Let $a_1, a_2, a_3,....a_n$be $n$ numbers such that $a_i$ is either $+1$ or $-1$. If $a_1a_2a_3a_4 + a_2a_3a_4a_5 +...+a_na_1a_2a_3=0$, then prove that $4$ divides $n$.
Well $2$ definitely divides $n$ because for every $+1$ there should be a $-1$. I also thought it would be helpful to the $a_4$ common from the first four terms and $a_8$ from the next four terms and so on and so forth. as I have already proved that $n$ is even I must try and prove that it is not possible to have exactly two terms left after performing the above operation.
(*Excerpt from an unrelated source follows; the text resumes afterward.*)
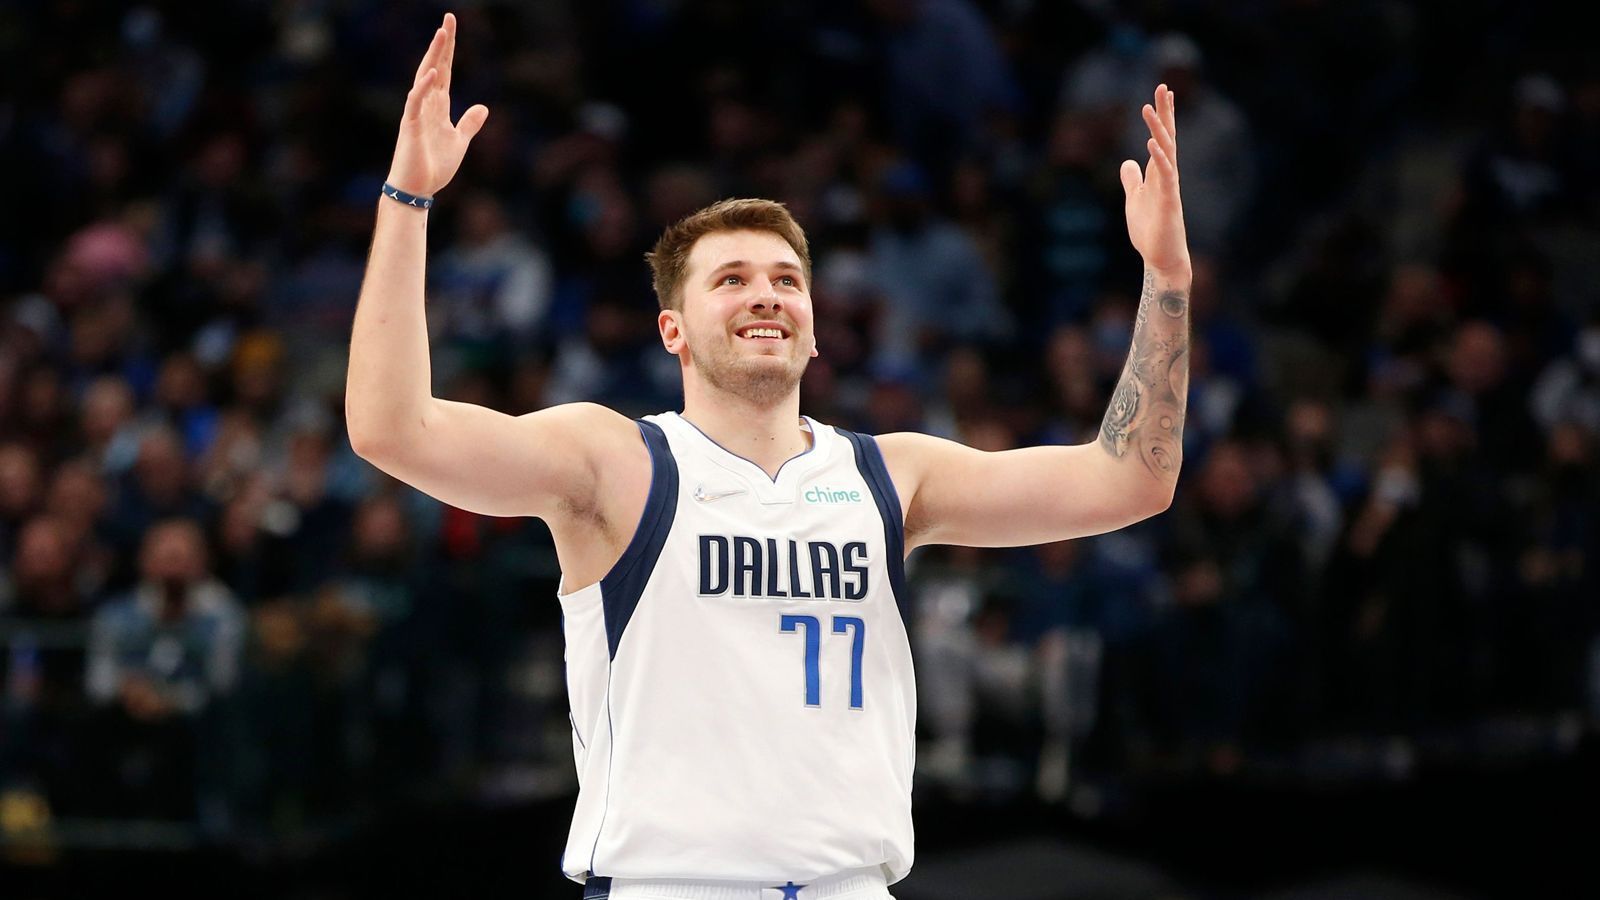 
                <strong>Luka Doncic (Dallas Mavericks/Reserve)</strong><br>
                &#x2022; Punkte: 27,2 -<br>&#x2022; Rebounds: 9,0 -<br>&#x2022; Assists: 9,1 -<br>&#x2022; All-Star Nominierungen: 3. <br>

But, doesn't help...
Let $$\mathbb S=\left\{a_1a_2a_3a_4, a_2a_3a_4a_5 ,...,a_na_1a_2a_3\right\}$$
Note that the sum of elements of $\mathbb S$ is $0$.
Assume that $n \equiv 2 \pmod 4$. Since half of the $n$ elements in $s$ must be $-1$ this implies that a odd number of $-1$ in $S$.
But note $$-1=(-1)^{\frac{n}{2}}=\prod _{ x\in \mathbb S }^{ }{ x }=\prod _{ i=1 }^{ n }{ a_1^4 } $$
A contradiction!